● TASK DATA

=== Begin Enclosure ===

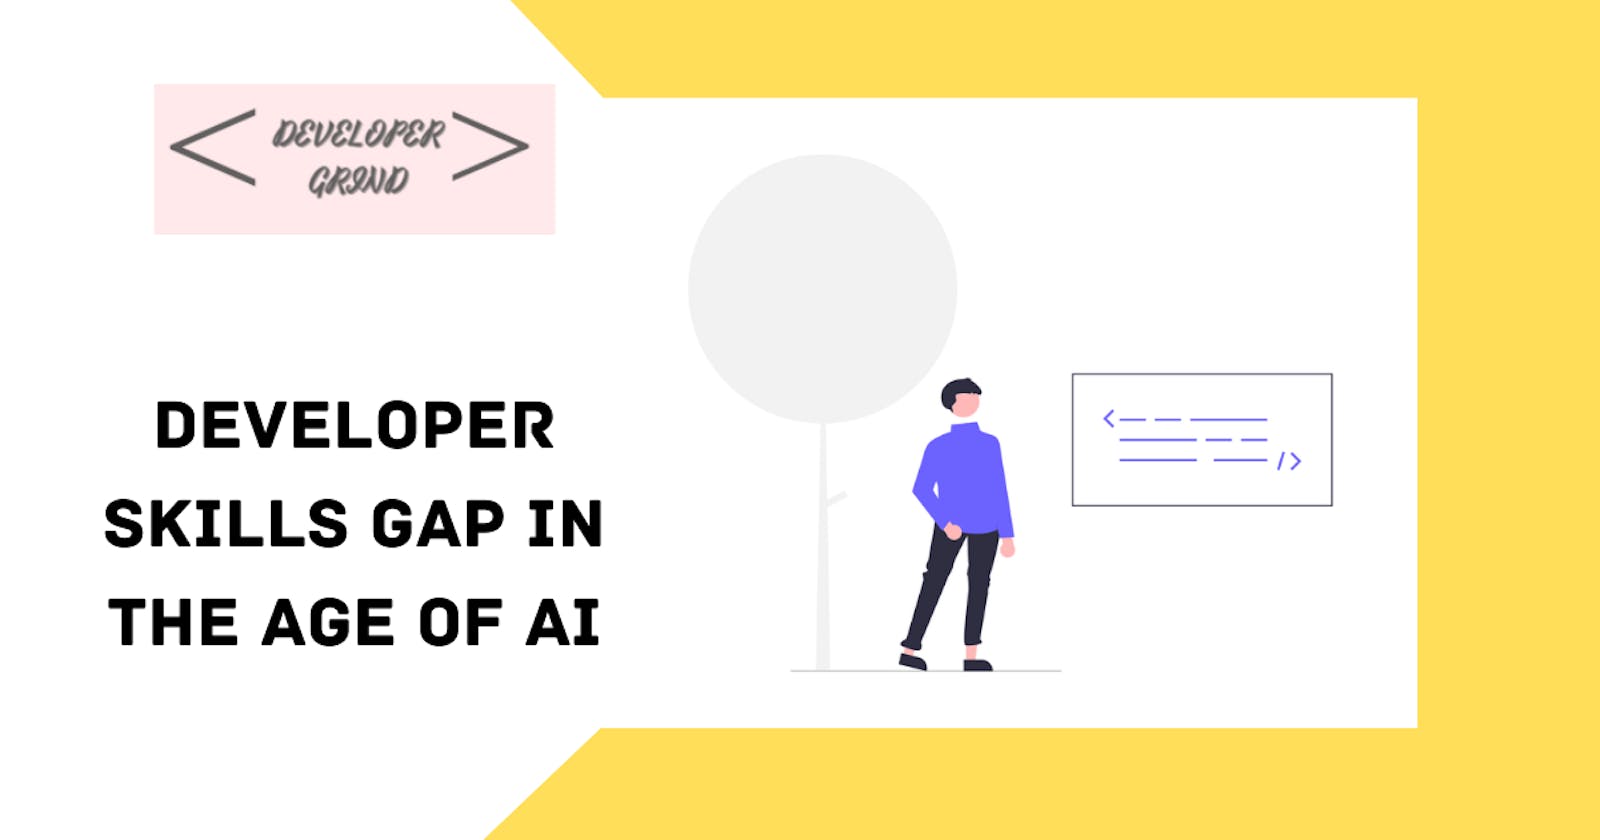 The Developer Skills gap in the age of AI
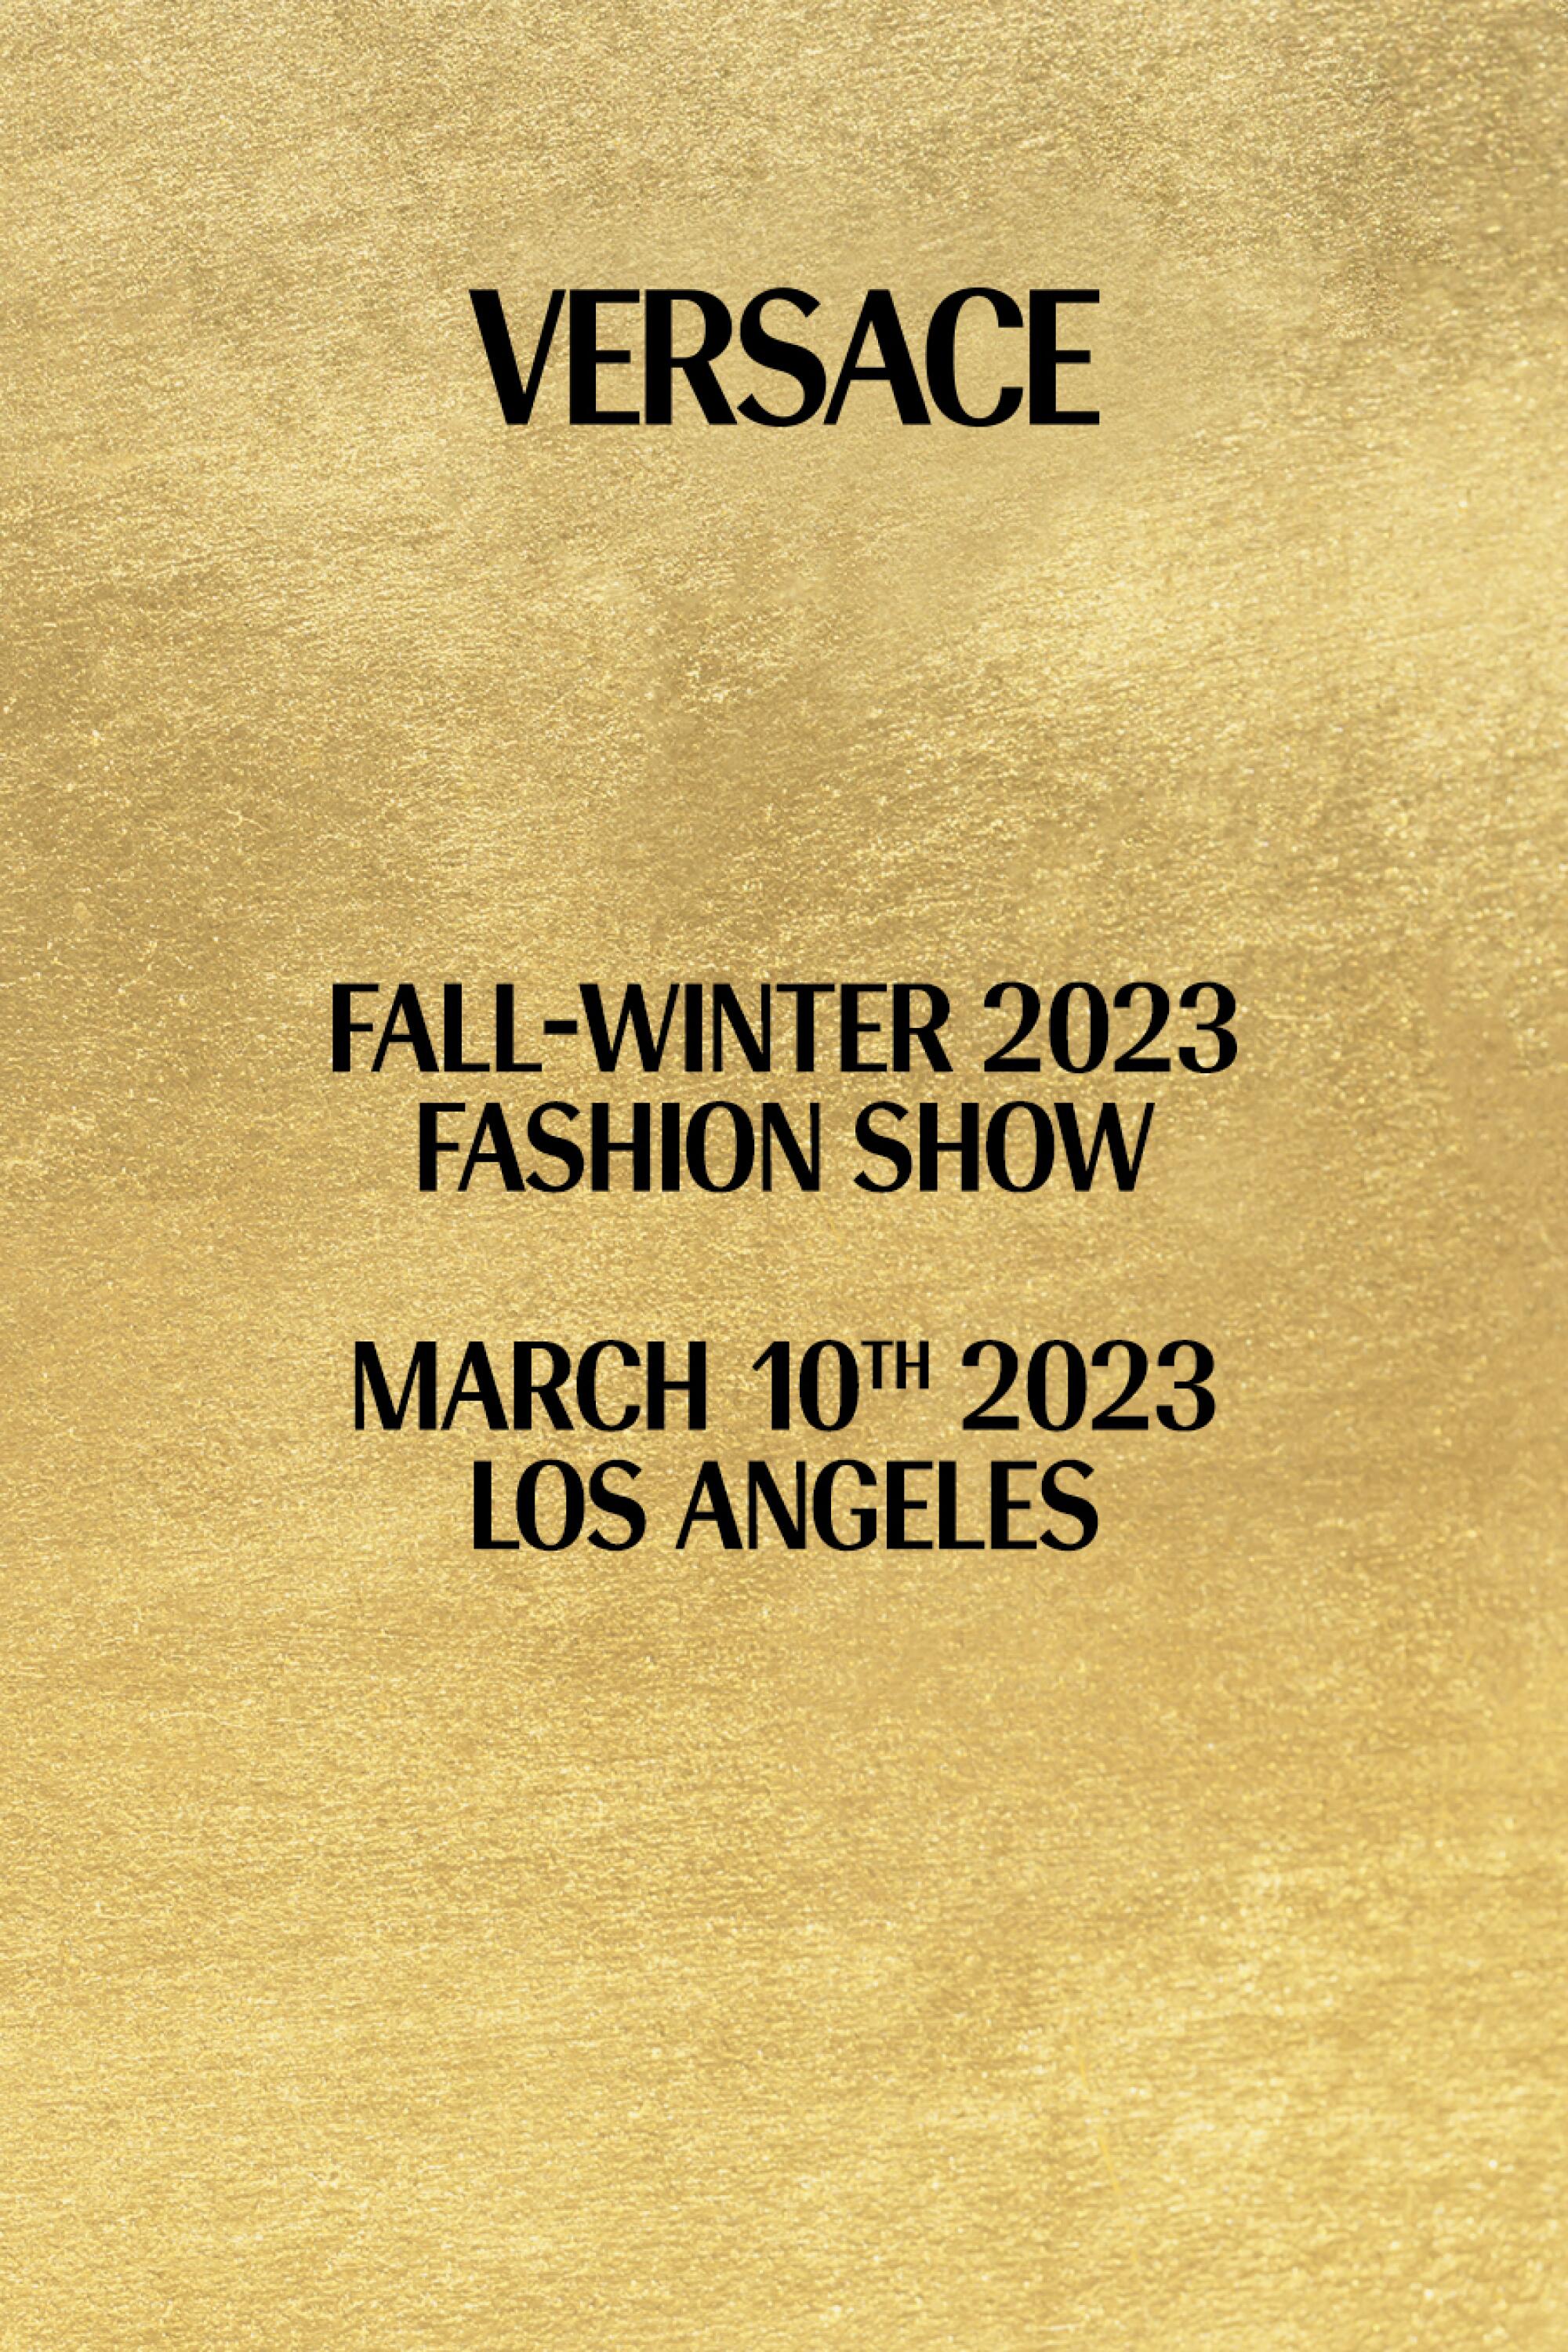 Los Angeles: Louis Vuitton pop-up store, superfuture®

=== End Enclosure ===
=== Begin Enclosure ===

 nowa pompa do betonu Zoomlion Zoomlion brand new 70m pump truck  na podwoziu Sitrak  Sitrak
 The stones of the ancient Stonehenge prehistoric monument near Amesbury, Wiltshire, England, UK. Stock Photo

=== End Enclosure ===
=== Begin Enclosure ===

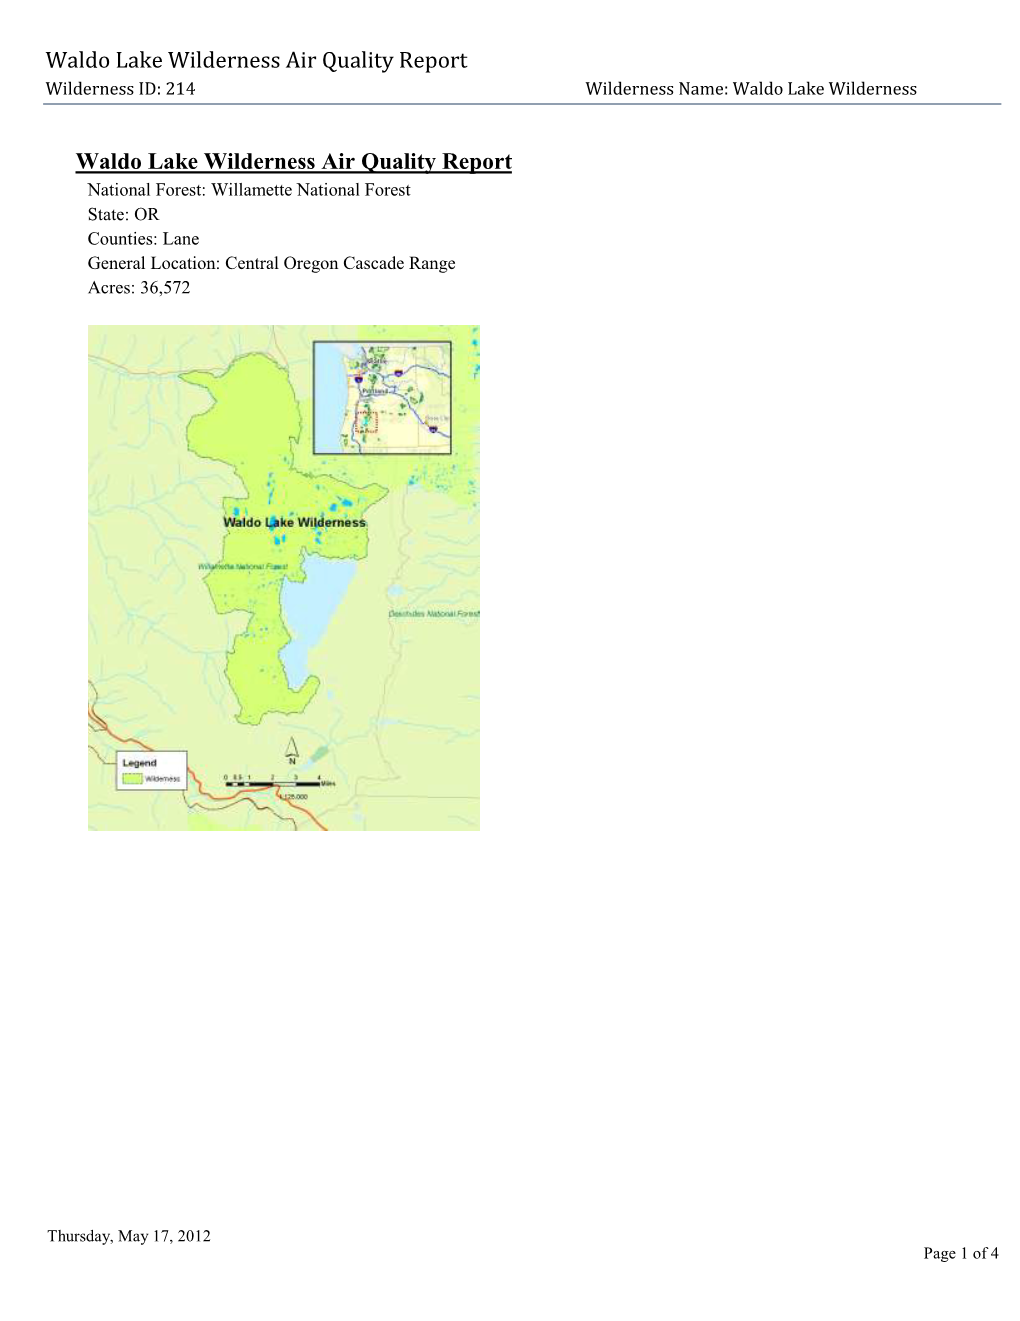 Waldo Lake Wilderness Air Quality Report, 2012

=== End Enclosure ===

● DIRECTIONS FOR THIS TASK
In the listing above, find the line containing "nowa pompa do" and the line containing "The stones of", then retype both and every line between them exactly, with nothing else.

● RESPONSE BELOW
 nowa pompa do betonu Zoomlion Zoomlion brand new 70m pump truck  na podwoziu Sitrak  Sitrak
 The stones of the ancient Stonehenge prehistoric monument near Amesbury, Wiltshire, England, UK. Stock Photo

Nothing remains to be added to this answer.